## Given information
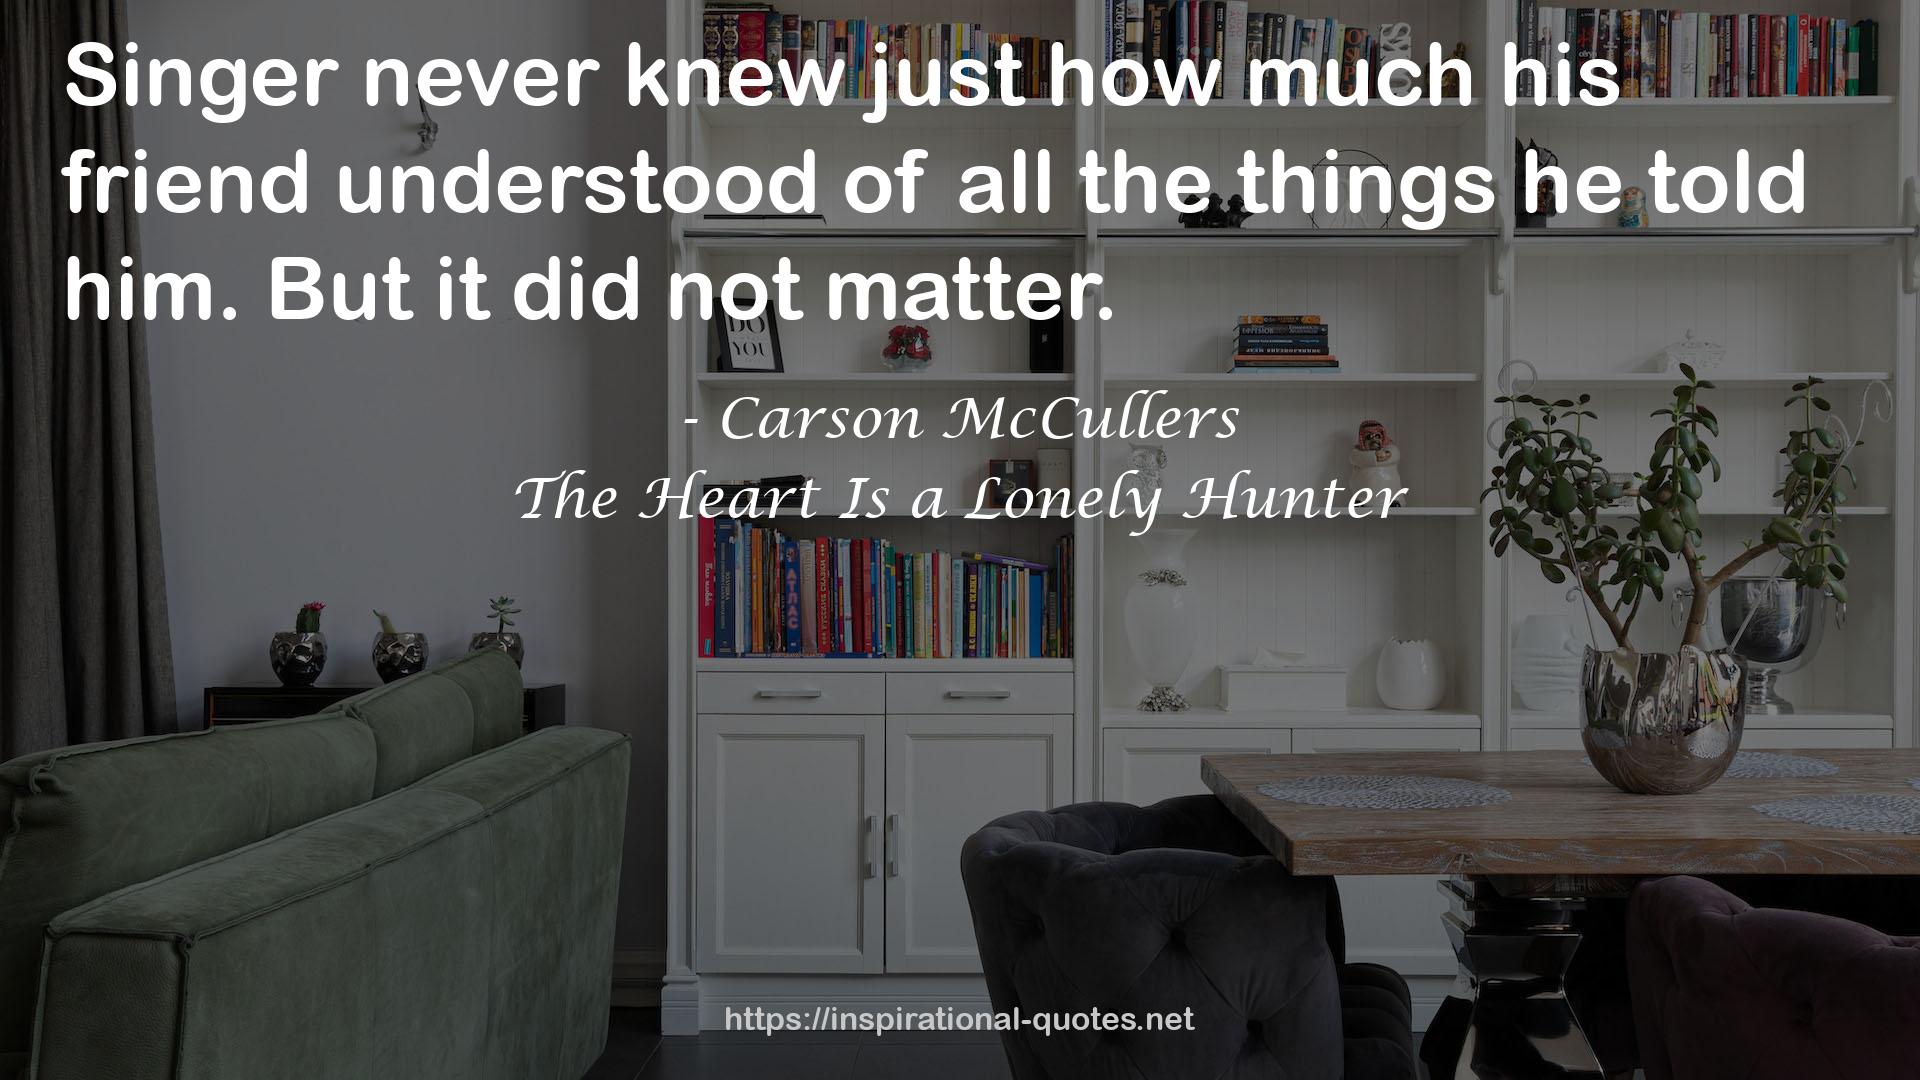 The Heart Is a Lonely Hunter QUOTES
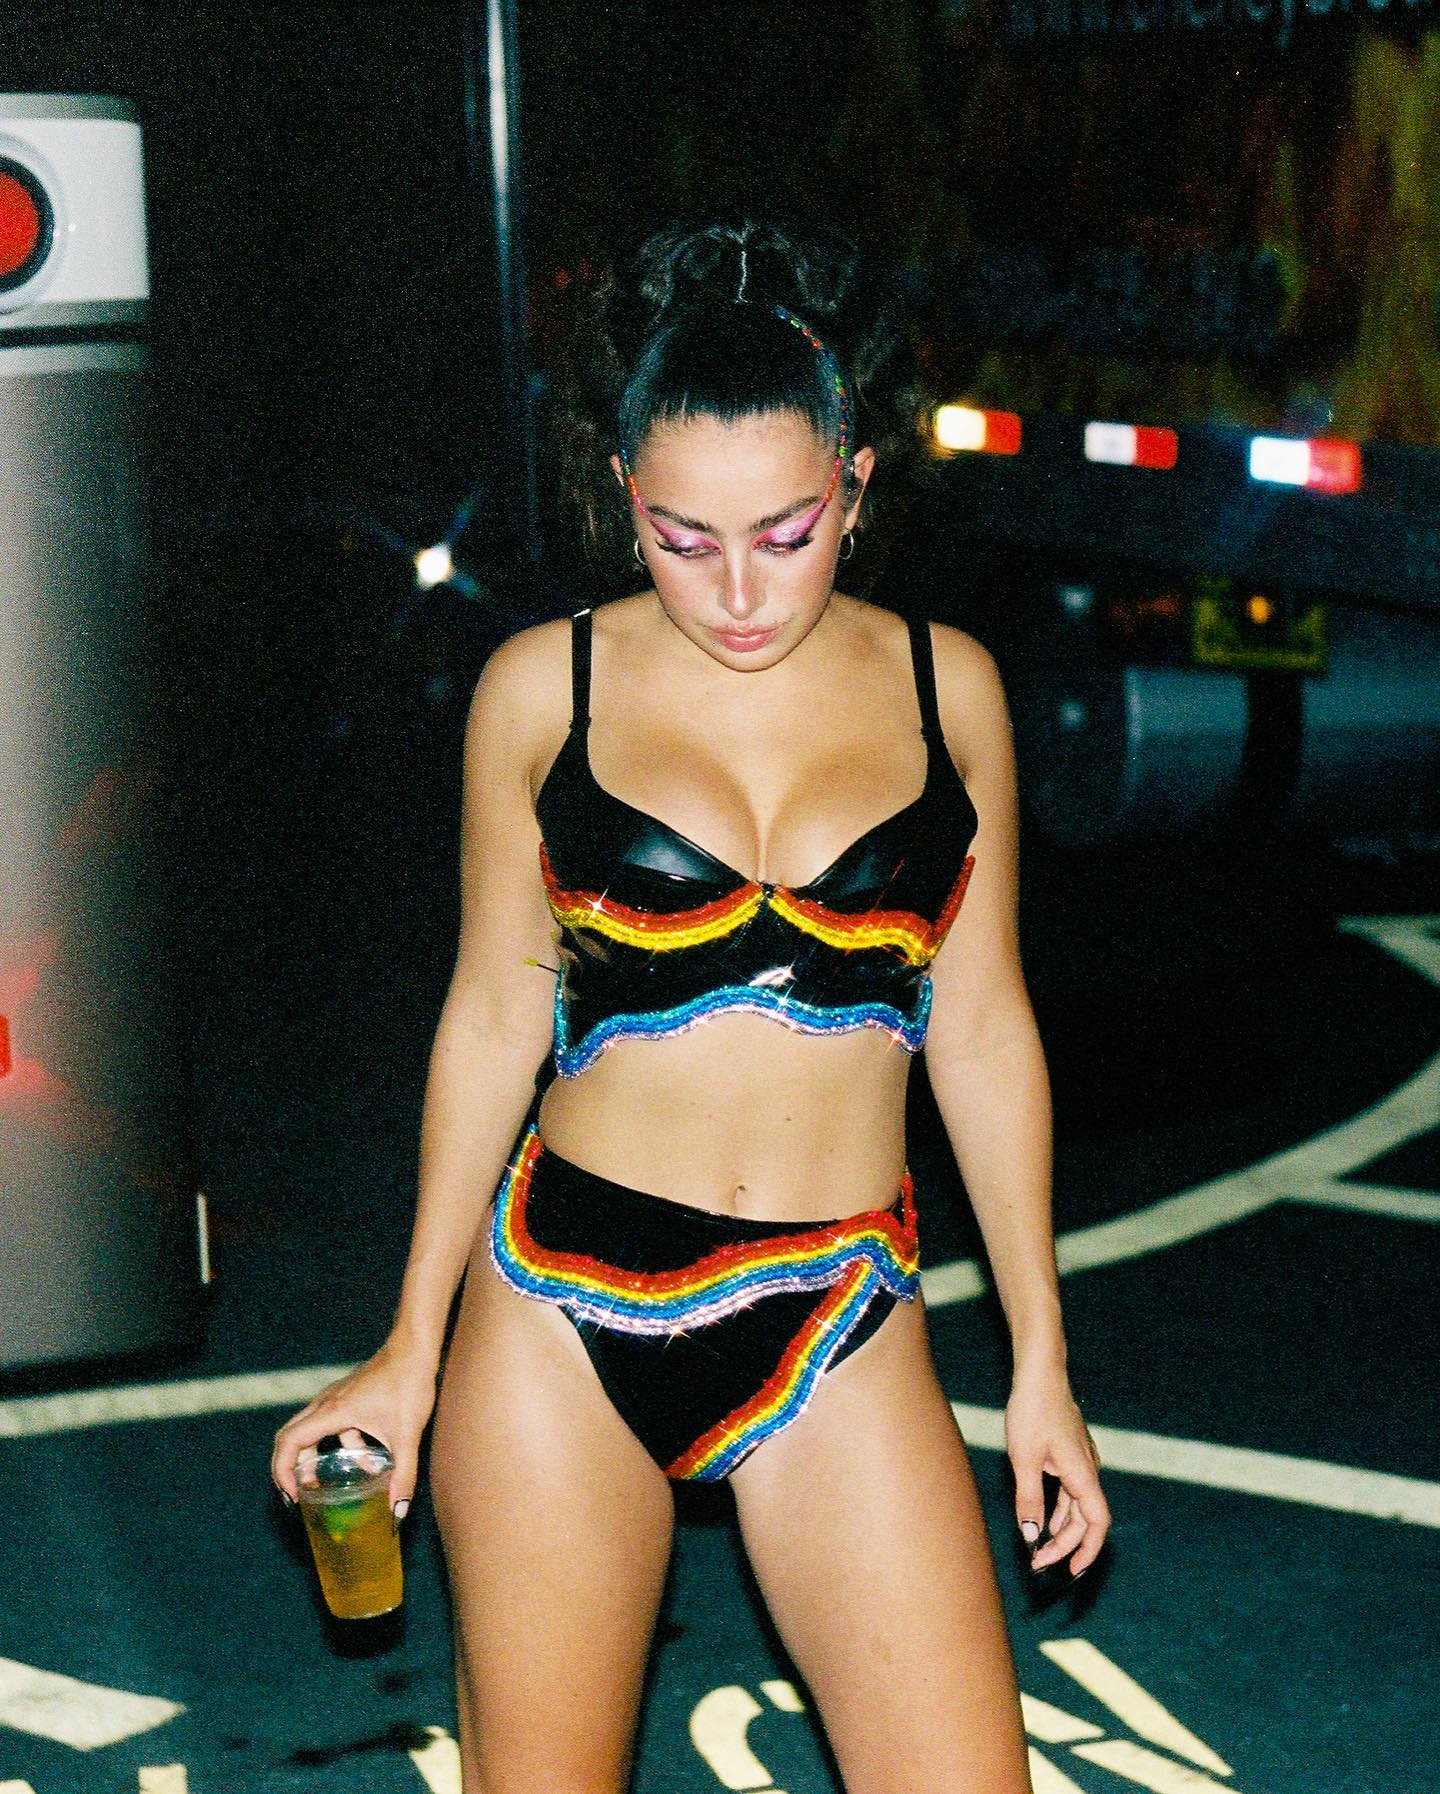 Photos n°51 : Charli XCX Looks Hot In It!
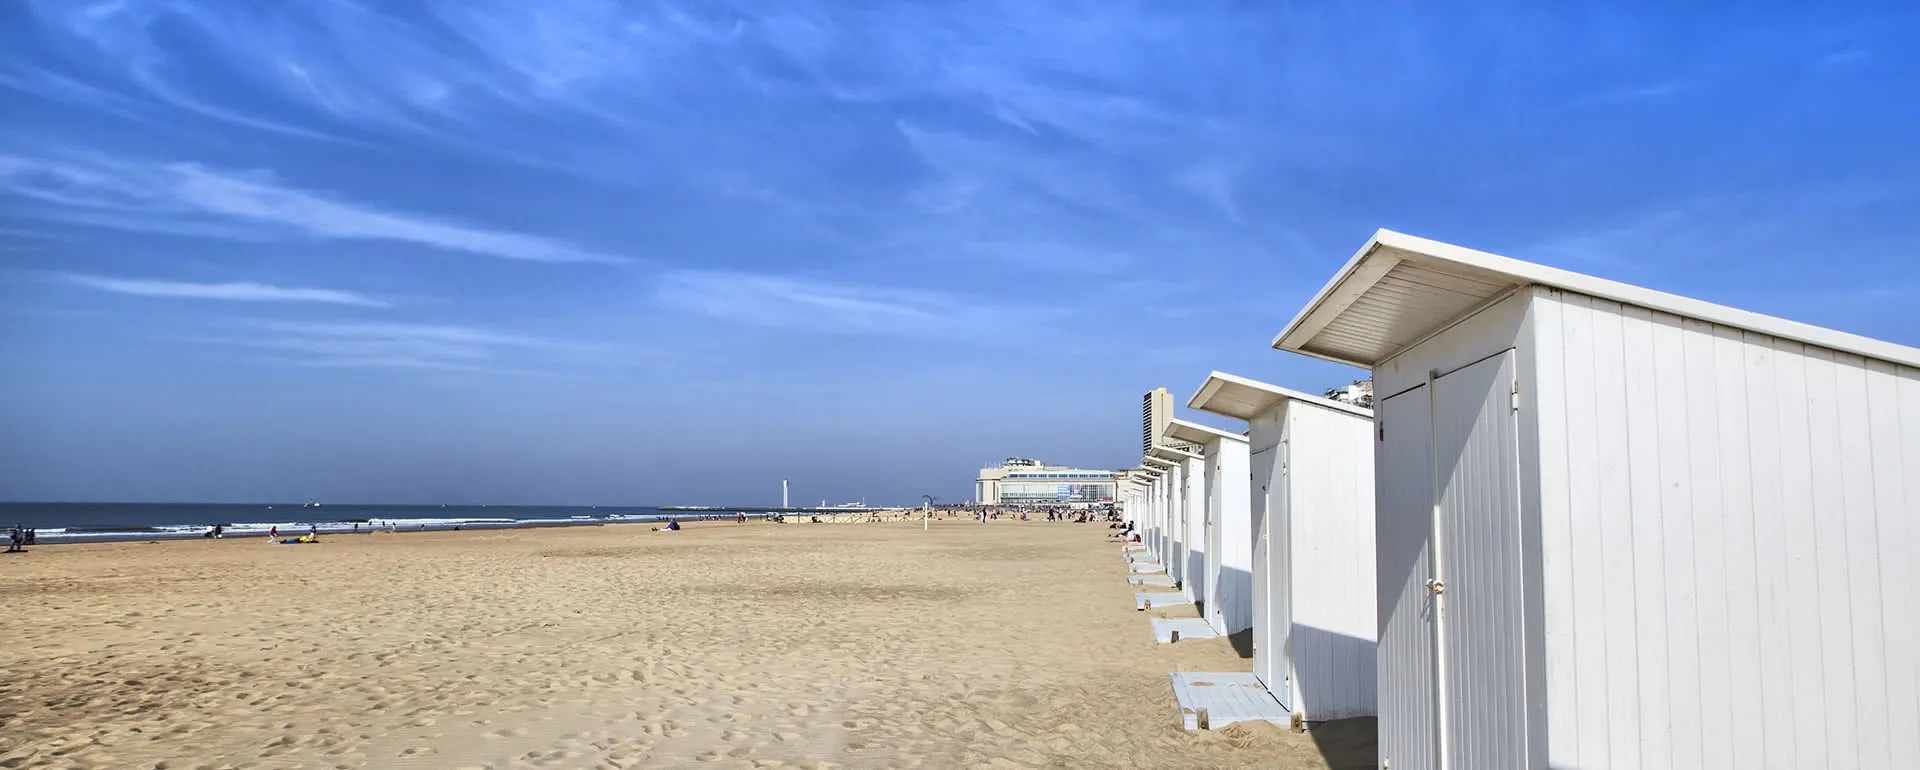 Ostende - the destination for group trips

## Activity
Give an exact copy of the material, leaving out every picture.

## Your response
 The Heart Is a Lonely Hunter QUOTES
 Photos n°51 : Charli XCX Looks Hot In It!
 Ostende - the destination for group trips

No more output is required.